Department of Radiotherapy Oncology, Sant' Andrea Hospital, University La Sapienza, Rome, Italy.

出版信息

Radiat Oncol. 2009 Oct 14;4:42. doi: 10.1186/1748-717X-4-42.

Abstract

Meningiomas located in the region of the base of skull are difficult to access. Complex combined surgical approaches are more likely to achieve complete tumor removal, but frequently at a cost of treatment related high morbidity.

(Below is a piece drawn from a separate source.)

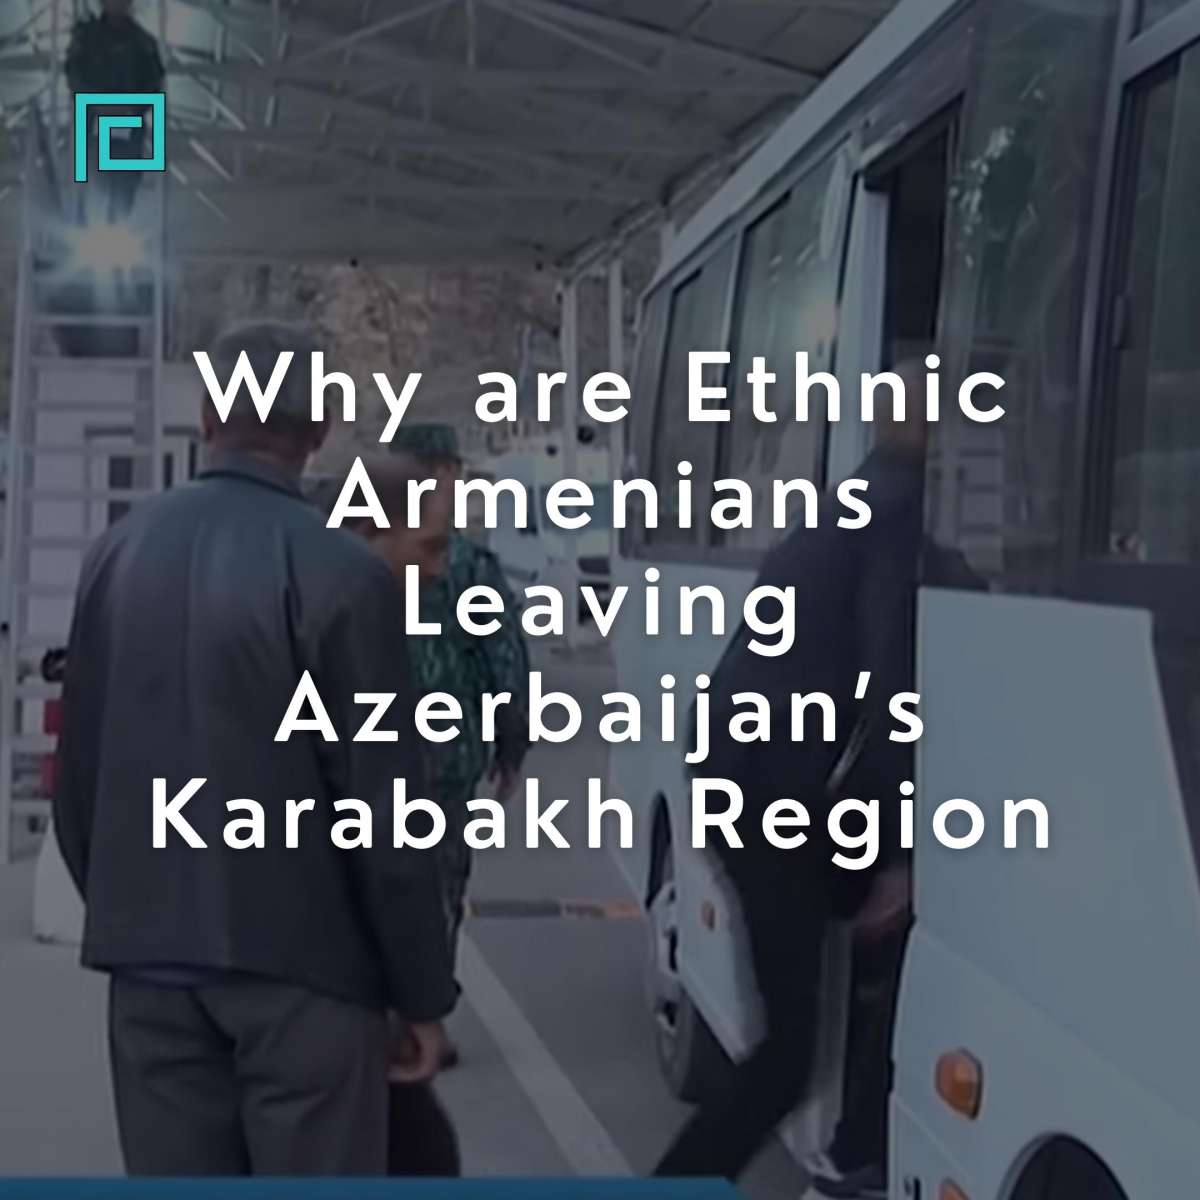 Why Are Ethnic Armenians Leaving?

Local control following subtotal excision of benign meningiomas can be improved with conventional fractionated external beam radiation therapy with a reported 5-year progression-free survival up to 95%. New radiation techniques, including stereotactic radiosurgery (SRS), fractionated stereotactic radiotherapy (FSRT), and intensity-modulated radiotherapy (IMRT) have been developed as a more accurate technique of irradiation with more precise tumor localization, and consequently a reduction in the volume of normal brain irradiated to high radiation doses. SRS achieves a high tumour control rate in the range of 85-97% at 5 years, although it should be recommended only for tumors less than 3 cm away more than 3 mm from the optic pathway because of high risk of long-term neurological deficits. Fractionated RT delivered as FSRT, IMRT and protons is useful for larger and irregularly or complex-shaped skull base meningiomas close to critical structures not suitable for single-fraction SRS. The reported results indicate a high tumour control rate in the range of 85-100% at 5 years with a low risk of significant incidence of long-term toxicity. Because of the long natural history of benign meningiomas, larger series and longer follow-up are necessary to compare results and toxicity of different techniques.

摘要

位于颅底区域的脑膜瘤难以触及。复杂的联合手术入路更有可能实现肿瘤的完全切除,但往往要付出与治疗相关的高发病率代价。良性脑膜瘤次全切除后的局部控制可通过常规分割外照射放疗得到改善,据报道5年无进展生存率高达95%。包括立体定向放射外科(SRS)、分割立体定向放射治疗(FSRT)和调强放射治疗(IMRT)在内的新放射技术已被开发出来,作为一种更精确的照射技术,肿瘤定位更精准,因此减少了接受高剂量辐射的正常脑体积。SRS在5年时实现了85%-97%的高肿瘤控制率,不过由于长期神经功能缺损风险高,仅应推荐用于距视路超过3毫米且直径小于3厘米的肿瘤。以FSRT、IMRT和质子束形式进行的分割放疗适用于靠近关键结构、体积较大且形状不规则或复杂的颅底脑膜瘤,这类肿瘤不适合单次分割SRS。报道结果显示,5年时肿瘤控制率高达85%-100%,长期毒性显著发生率低。由于良性脑膜瘤的自然病程较长,需要更大规模的系列研究和更长时间的随访来比较不同技术的结果和毒性。